See [**Advanced Setup**](#advanced-setup) for details on creating new indexers or signature methods.

## Supported Functions
The VecShare Python library currently supports:
* [`check`](#check-available-embeddings): See available embeddings
* [`format`](#embedding-upload-or-update): Autoformat a header to upload an embedding to the data store
* [`upload`](#embedding-upload-or-update): Upload a new embedding to the datastore
* [`update`](#embedding-upload-or-update): Update an existing embedding or its metadata
* [`query`](#embedding-query): Look up word vectors from a specific embedding
* [`extract`:](#embedding-extraction) Download word vectors for only the vocabulary of a specific corpus
* [`download`](#full-embedding-download): Download an entire shared embedding

### Check Available Embeddings
**`check()`:** Returns embeddings available with the current indexer as a queryable `pandas.DataFrame`.

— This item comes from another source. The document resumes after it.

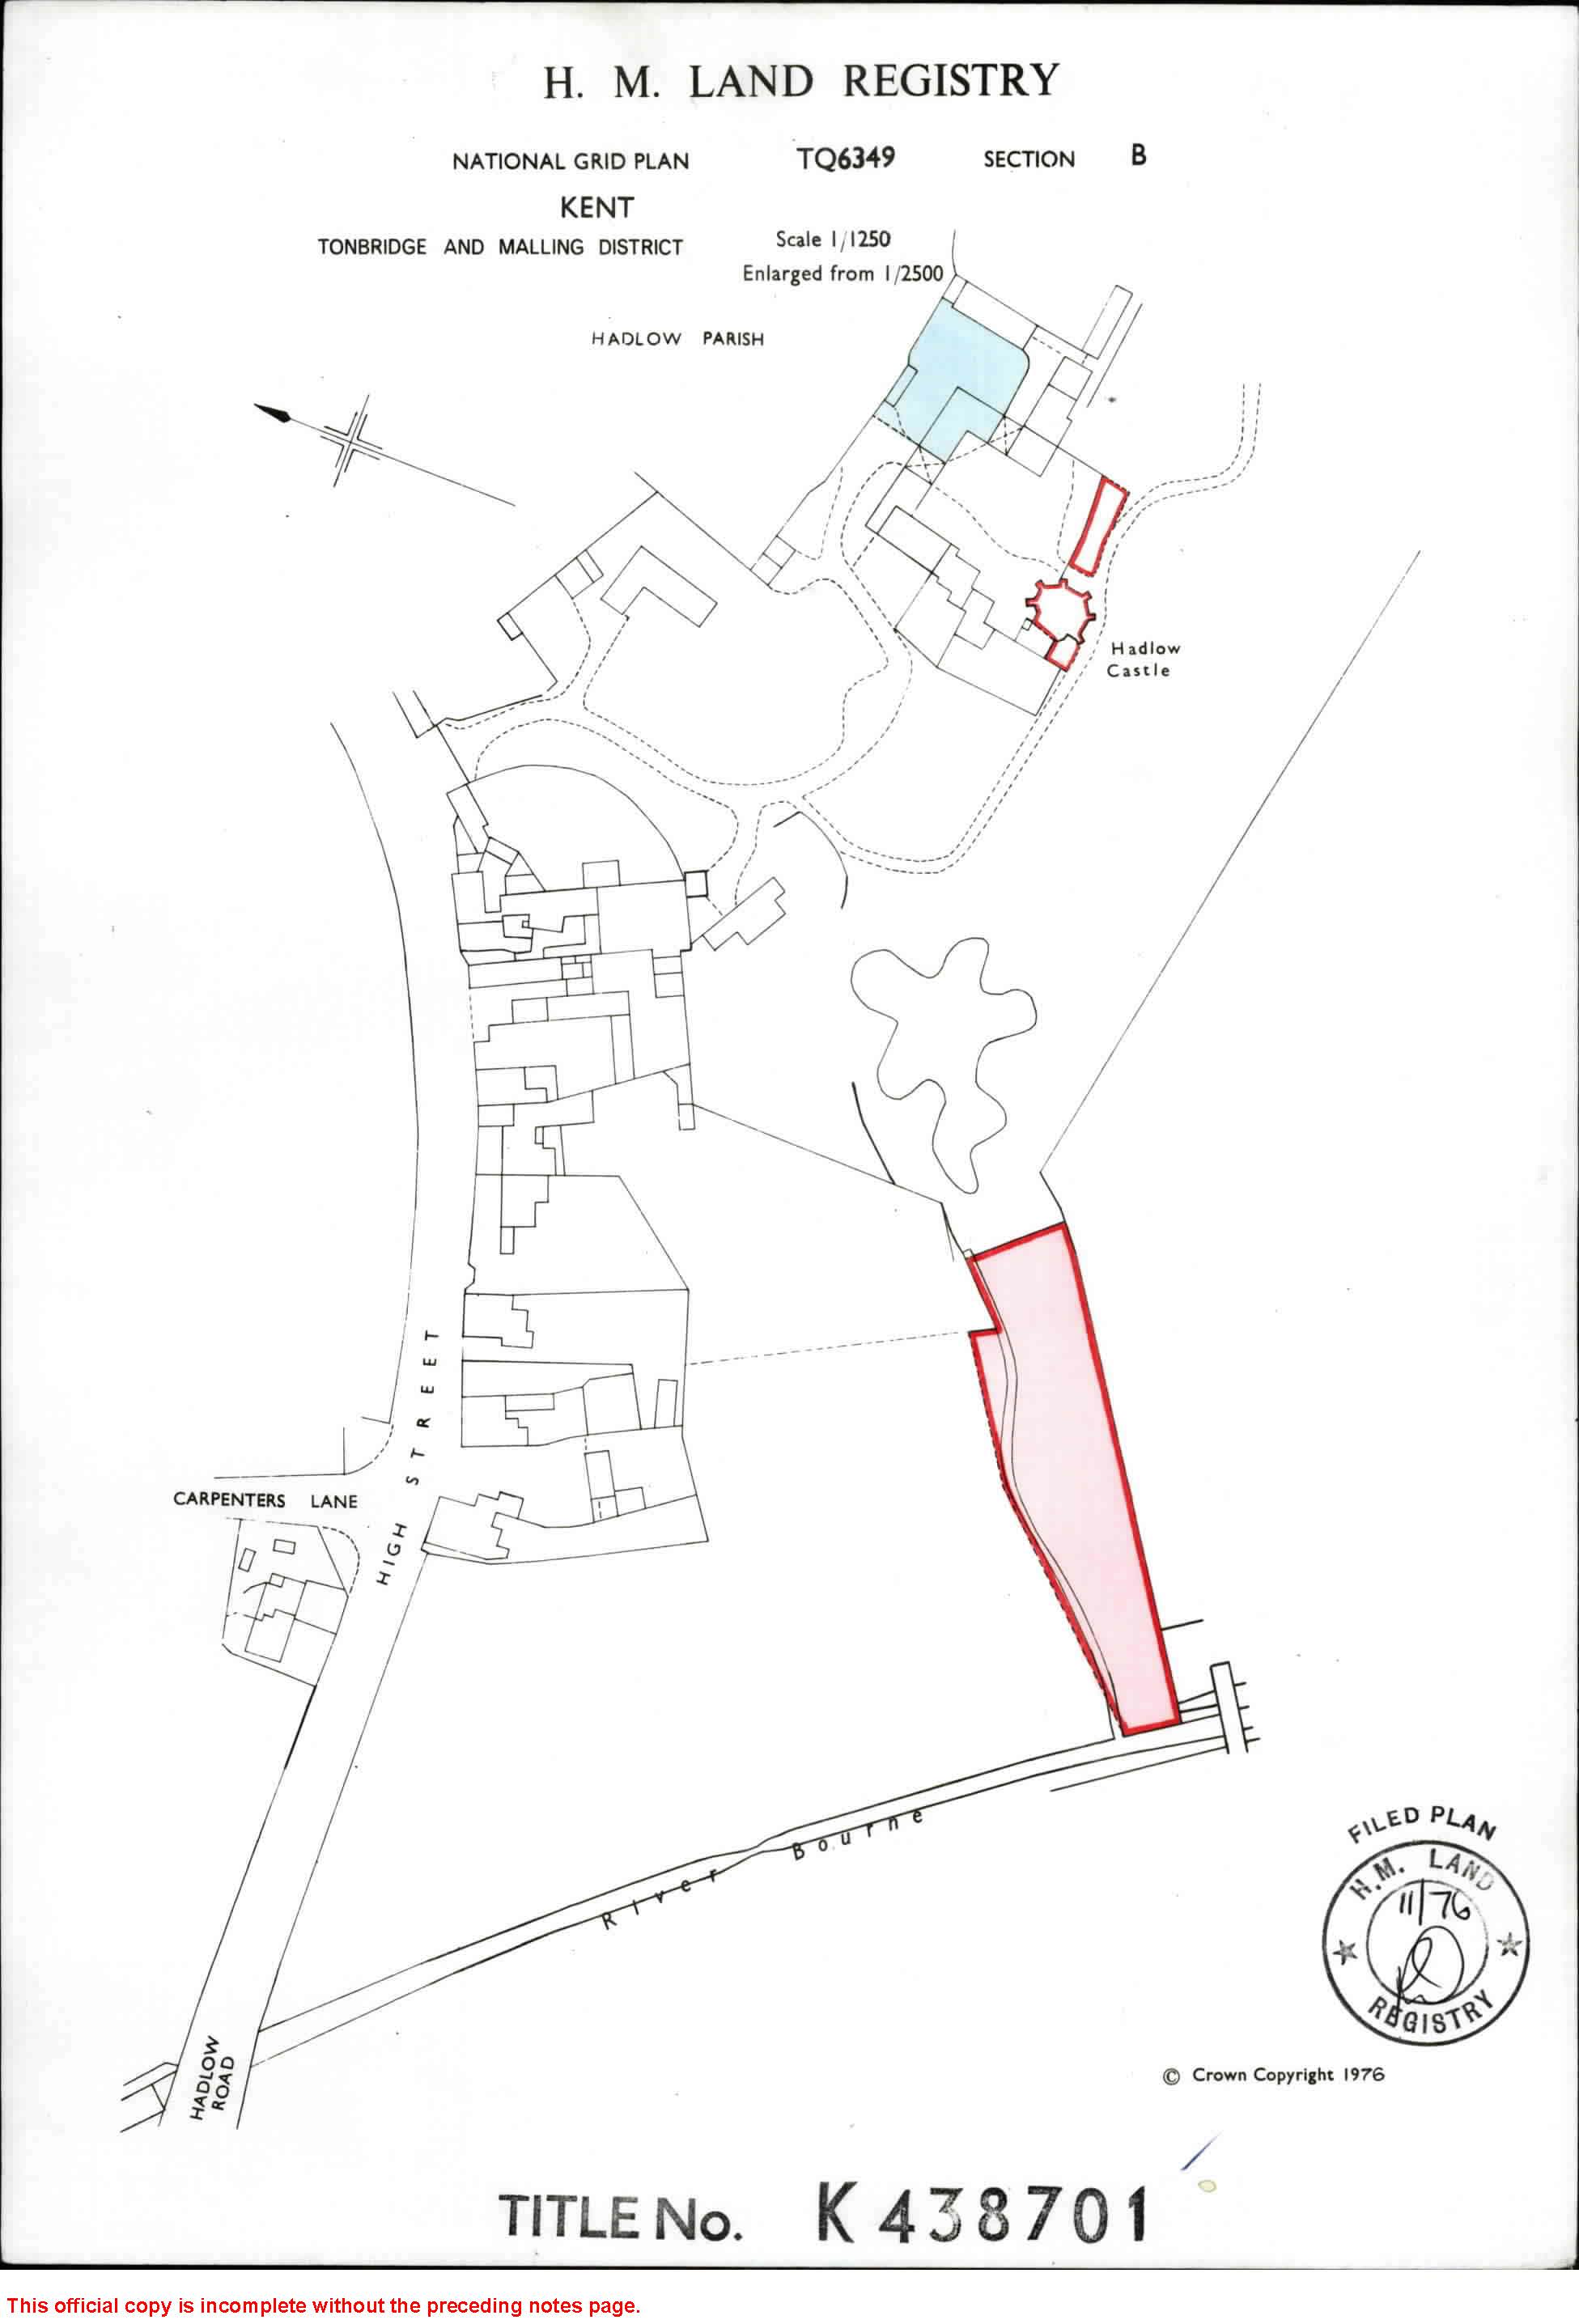 Title Plan -  K438701 - Hadlow Tower_Page_2.jpg

The default indexer aggregates a set of embeddings by polling `data.world` weekly for datasets with the tag `vecshare`. Currently indexed embeddings are viewable at: `https://data.world/jaredfern/vecshare-indexer`.

See [**Advanced Setup**](#advanced-setup), if you would like to use a custom indexer.

**For Example:**
```python
>>> import vecshare as vs
>>> vs.check()
embedding_name dataset_name contributor \
0 reutersr8 jaredfern/reuters-word-embeddings jaredfern
1 reuters21578 jaredfern/reuters-word-embeddings jaredfern
2 brown jaredfern/brown-corpus jaredfern
3 glove_gigaword100d jaredfern/gigaword-glove-embedding jaredfern
4 oanc_written jaredfern/oanc-word-embeddings jaredfern


case_sensitive dimension embedding_type file_format vocab_size
0 False 100 word2vec csv 7821
1 False 100 word2vec csv 20203
2 False 100 word2vec csv 15062
3 False 100 glove csv 399922
4 False 100 word2vec csv 73127
```

### Embedding Upload or Update
Embeddings must be uploaded as a .csv file with a header in the format: ['text', 'd0', 'd1', ... 'd_n'], such that they can be properly indexed and accessed.

**`format(emb_path)`:** Reformats existing embeddings in the .csv format with a header in the correct format for tabular access.
* **emb_path (str):** Path to the embedding being formatted

**`upload(set_name, emb_path, metadata = {}, summary = None)`:** Create a new shared embedding on data.world
* **set_name (str):** Name of the new dataset on data.world in the form (data.world_username/dataset_name)
* **emb_path (str):** Path to embedding being uploaded
* **metadata (dict, opt):** Dictionary containing metadata fields and values '{metadata_field: value}'
* **summary (str, opt):** Optional embedding description

**`update(set_name, emb_path = "", metadata = {}, summary = "")`:** Update an existing shared embedding or its associated metadata
* **set_name (str):** Name of the new dataset on data.world in the form (data.world_username/dataset_name)
* **emb_path (str):** Path to embedding being uploaded
* **metadata (dict, opt):** Dictionary containing metadata fields and values '{metadata_field: value}'
* **summary (str, opt):** Optional embedding description

Alternatively, new embeddings can be added to the framework by uploading the embedding as a .csv file to data.world, and tagging the dataset with the <vecshare> tag. The default indexer will add new embedding sets weekly.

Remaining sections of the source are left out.